---------- DATA FOR THE TASK ----------
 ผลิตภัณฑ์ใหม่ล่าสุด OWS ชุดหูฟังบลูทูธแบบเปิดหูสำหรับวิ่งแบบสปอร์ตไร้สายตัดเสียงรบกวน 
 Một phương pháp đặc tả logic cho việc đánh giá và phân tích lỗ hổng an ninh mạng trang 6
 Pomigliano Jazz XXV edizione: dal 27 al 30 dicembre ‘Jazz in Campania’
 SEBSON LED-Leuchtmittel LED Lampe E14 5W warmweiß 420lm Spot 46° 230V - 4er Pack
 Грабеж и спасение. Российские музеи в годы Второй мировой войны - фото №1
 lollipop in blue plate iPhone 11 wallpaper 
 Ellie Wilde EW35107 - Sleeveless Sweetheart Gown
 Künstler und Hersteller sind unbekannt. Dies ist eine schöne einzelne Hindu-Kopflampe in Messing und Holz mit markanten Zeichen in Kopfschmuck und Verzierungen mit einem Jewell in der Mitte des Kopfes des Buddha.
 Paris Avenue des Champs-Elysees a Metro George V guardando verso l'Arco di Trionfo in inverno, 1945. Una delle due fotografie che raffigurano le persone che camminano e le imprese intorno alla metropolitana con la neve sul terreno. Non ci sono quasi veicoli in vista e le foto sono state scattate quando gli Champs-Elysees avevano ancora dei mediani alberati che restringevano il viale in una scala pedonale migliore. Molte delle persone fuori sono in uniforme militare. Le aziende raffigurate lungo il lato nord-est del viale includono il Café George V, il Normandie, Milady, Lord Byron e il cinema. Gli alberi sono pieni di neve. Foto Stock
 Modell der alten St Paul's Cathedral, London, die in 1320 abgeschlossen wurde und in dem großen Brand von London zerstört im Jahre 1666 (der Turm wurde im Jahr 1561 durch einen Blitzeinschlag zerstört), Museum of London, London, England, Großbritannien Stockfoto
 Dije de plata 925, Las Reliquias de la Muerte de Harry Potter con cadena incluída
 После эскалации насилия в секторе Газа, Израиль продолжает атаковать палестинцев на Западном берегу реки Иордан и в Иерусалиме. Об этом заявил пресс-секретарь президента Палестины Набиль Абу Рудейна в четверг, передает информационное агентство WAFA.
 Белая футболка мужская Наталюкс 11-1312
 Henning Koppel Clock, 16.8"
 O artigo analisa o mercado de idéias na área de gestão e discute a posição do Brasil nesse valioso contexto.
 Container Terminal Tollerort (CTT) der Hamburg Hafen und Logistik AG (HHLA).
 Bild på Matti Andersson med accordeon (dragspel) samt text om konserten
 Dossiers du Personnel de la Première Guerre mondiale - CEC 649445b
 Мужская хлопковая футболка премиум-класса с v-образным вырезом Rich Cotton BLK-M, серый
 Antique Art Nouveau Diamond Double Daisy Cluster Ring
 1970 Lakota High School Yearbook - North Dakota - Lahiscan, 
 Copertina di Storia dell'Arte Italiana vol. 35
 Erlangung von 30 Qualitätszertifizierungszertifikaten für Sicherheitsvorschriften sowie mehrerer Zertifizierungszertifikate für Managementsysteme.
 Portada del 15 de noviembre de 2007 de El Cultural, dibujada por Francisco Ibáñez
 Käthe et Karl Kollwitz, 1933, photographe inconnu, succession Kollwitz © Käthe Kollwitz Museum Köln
----------
**PROMPT**
Pull every line with the string "Museum" out of the material.

**ANSWER TO THIS PROBLEM**
 Modell der alten St Paul's Cathedral, London, die in 1320 abgeschlossen wurde und in dem großen Brand von London zerstört im Jahre 1666 (der Turm wurde im Jahr 1561 durch einen Blitzeinschlag zerstört), Museum of London, London, England, Großbritannien Stockfoto
 Käthe et Karl Kollwitz, 1933, photographe inconnu, succession Kollwitz © Käthe Kollwitz Museum Köln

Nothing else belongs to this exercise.